Their so-called transformations are change initiatives at best. By the time many come to life, a new innovation has appeared, and so the incumbent attempts to catch up again – all the time losing market share, along with the liquidity required to invest in the resources needed to innovate, digitise and transform.
It’s a slippery slope to a place that no firm wants to go, but unless incumbents invest in innovation, they will always be on the defensive and running change initiatives wrongly labeled as transformational.
Most of the executives I talk to are still very much focused on digital largely as a way to do “more of the same,” just more efficiently, quickly, cost effectively. But I don’t see a lot of evidence of fundamentally stepping back and rethinking, at a basic level, “What business are we really in?”

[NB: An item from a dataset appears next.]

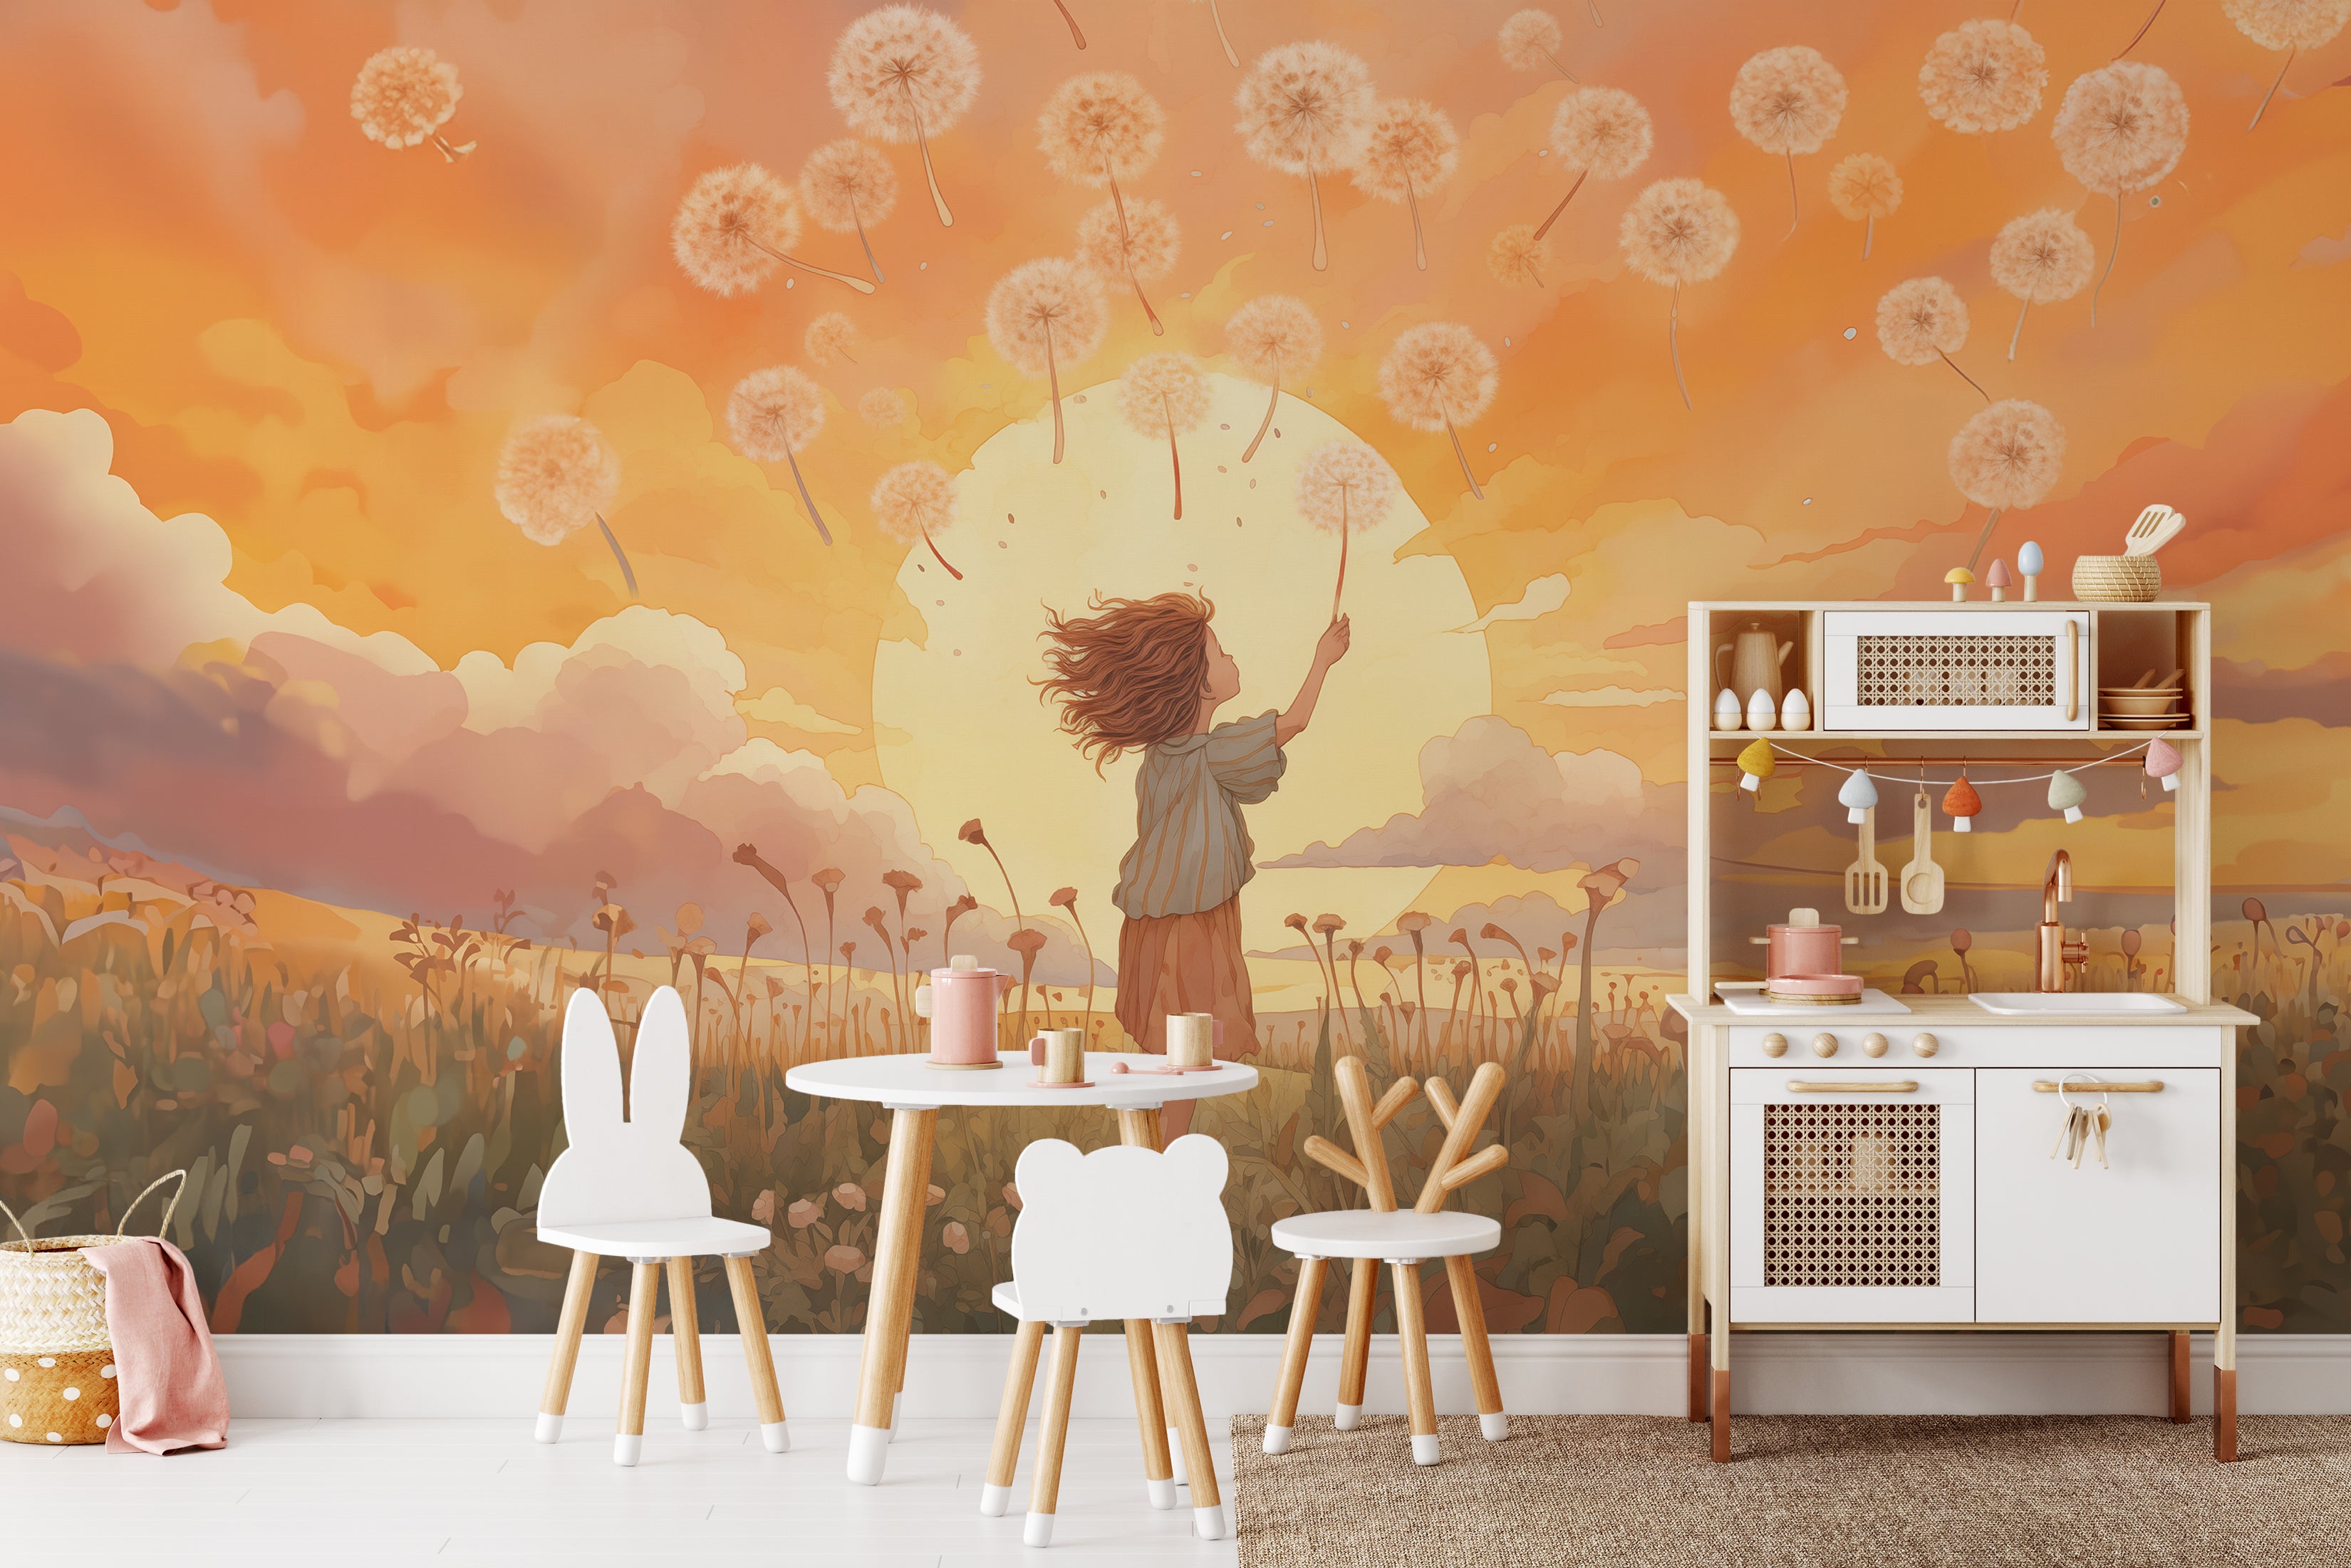 "Nursery room wall adorned with 'Make a Wish Mural' depicting a playful scene of a girl and floating dandelions at dusk."
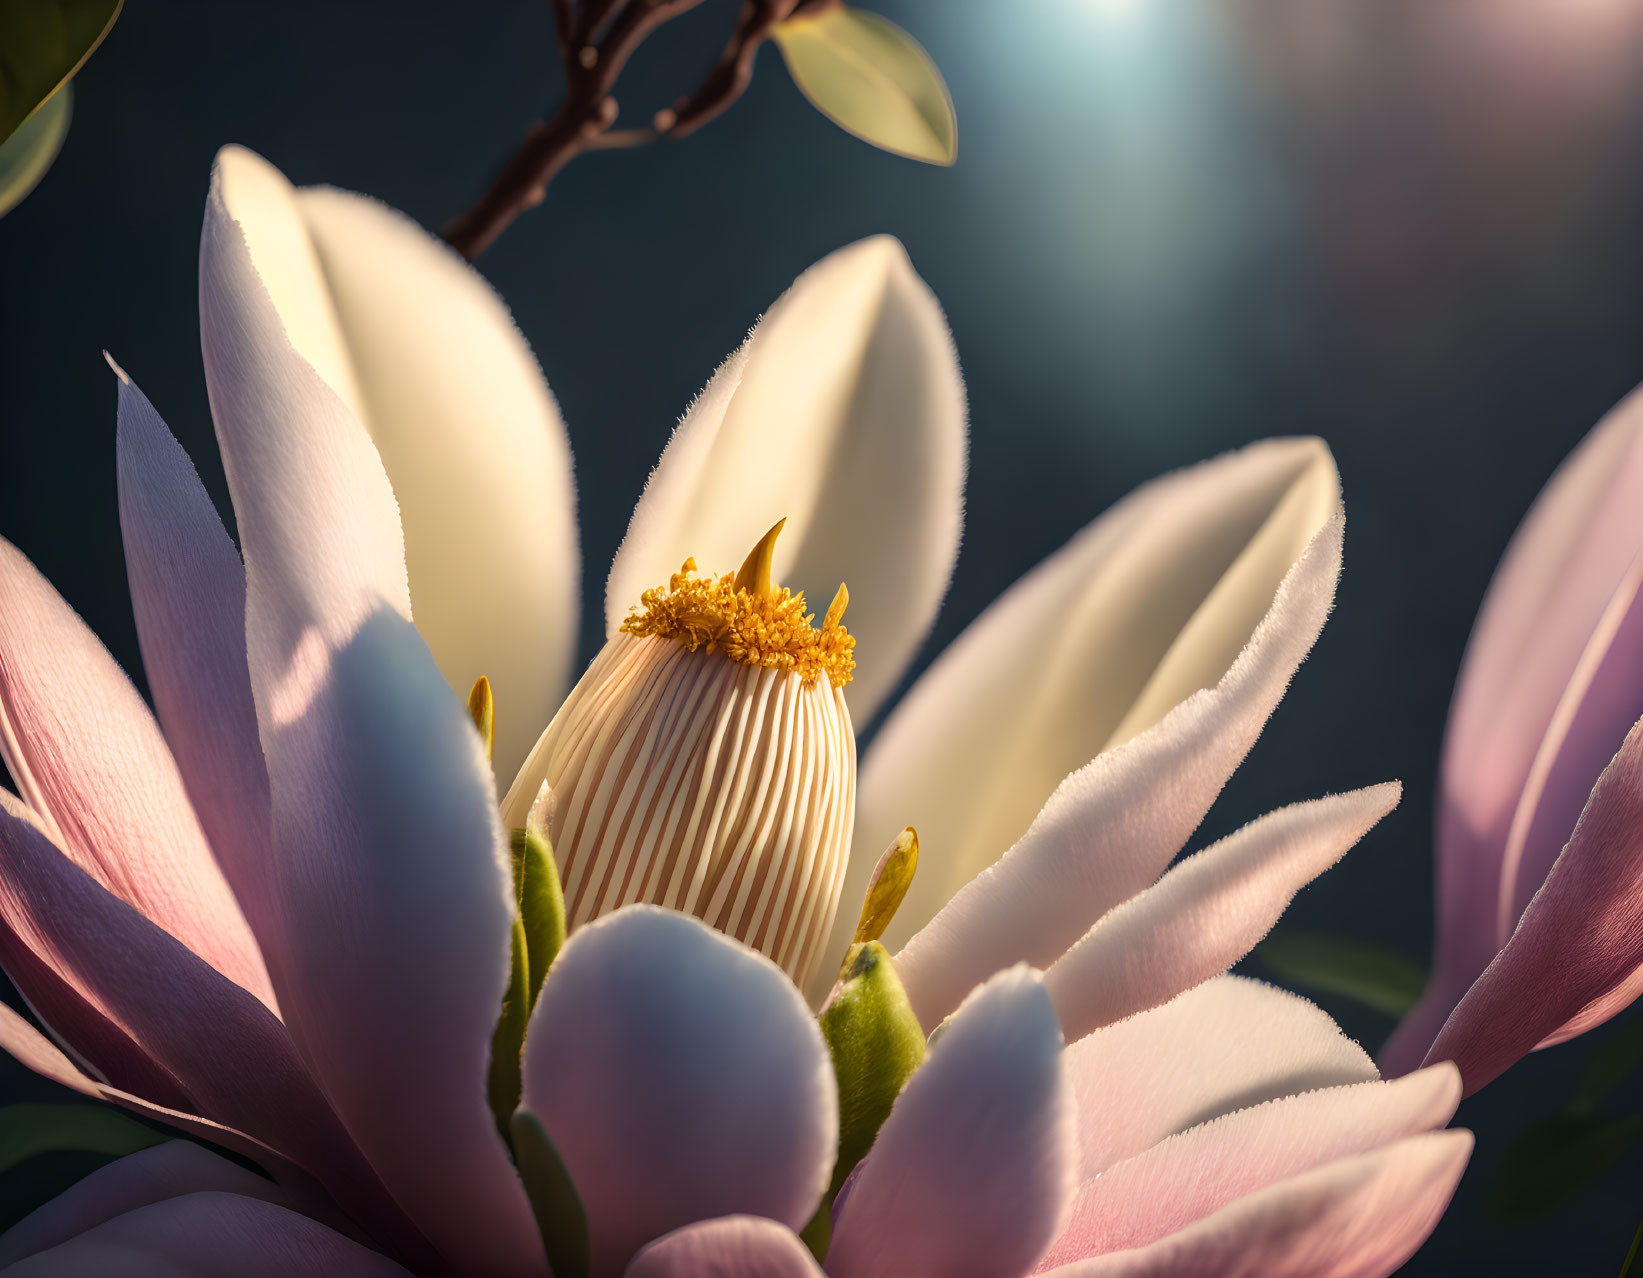 Blooming magnolia flower with pink and white petals in sunlight

– John Hagel III at Deloitte
Sleepwalking Into Irrelevance
Leaders of industry disruptors are using digital technology to break into new markets, while leaders of other companies are sitting ducks waiting for their markets to be disrupted.
When that happens, customer expectations will have been raised by disruptors and because incumbents can’t meet those expectations with their old business models, customers defect and profits are pulled from under their noses. The disruptors are incredibly dangerous to incumbents because they quickly grow enormous user bases and are agile enough to leverage those users into business models that threaten incumbents in multiple markets.
Senior VP and Global Practice Leader for Digital Transformation at Capgemini consulting – Didier Bonnet, sent me an excellent line, which reads …
Companies that are still hostile to digital technologies today will, I believe, sleepwalk into irrelevance.
This really does encapsulate what will happen to so many firms, if their leaders don’t wake up and respond appropriately. But despite the threat of disruption, it’s often not seen worthy of board-level attention.
Executives who want to avoid sleepwalking into irrelevance need to act with a sense of urgency, to establish what differentiating capabilities or new value they will create through the innovative use digital technologies and new business models.
The fall of Eastman Kodak is a reminder to all companies that they should not become complacent and ignore the threats and opportunities that the digital economy present. Kodak was once one of the world’s leading brands, but it was forced to file for Chapter 11 bankruptcy protection in January 2012.
Innovate, Digitise, and Transform
Many firms are highly focused on digitising and changing, as opposed to innovating, digitising and transforming. They love the concept of digitisation but fail to invest in innovation; which subsequently means they only create a better version of the past (change) and fail to transform.
What is truly innovative and disruptive that your firm is working towards? Is it really set to disrupt the market? Or are you simply on the defensive (back foot)?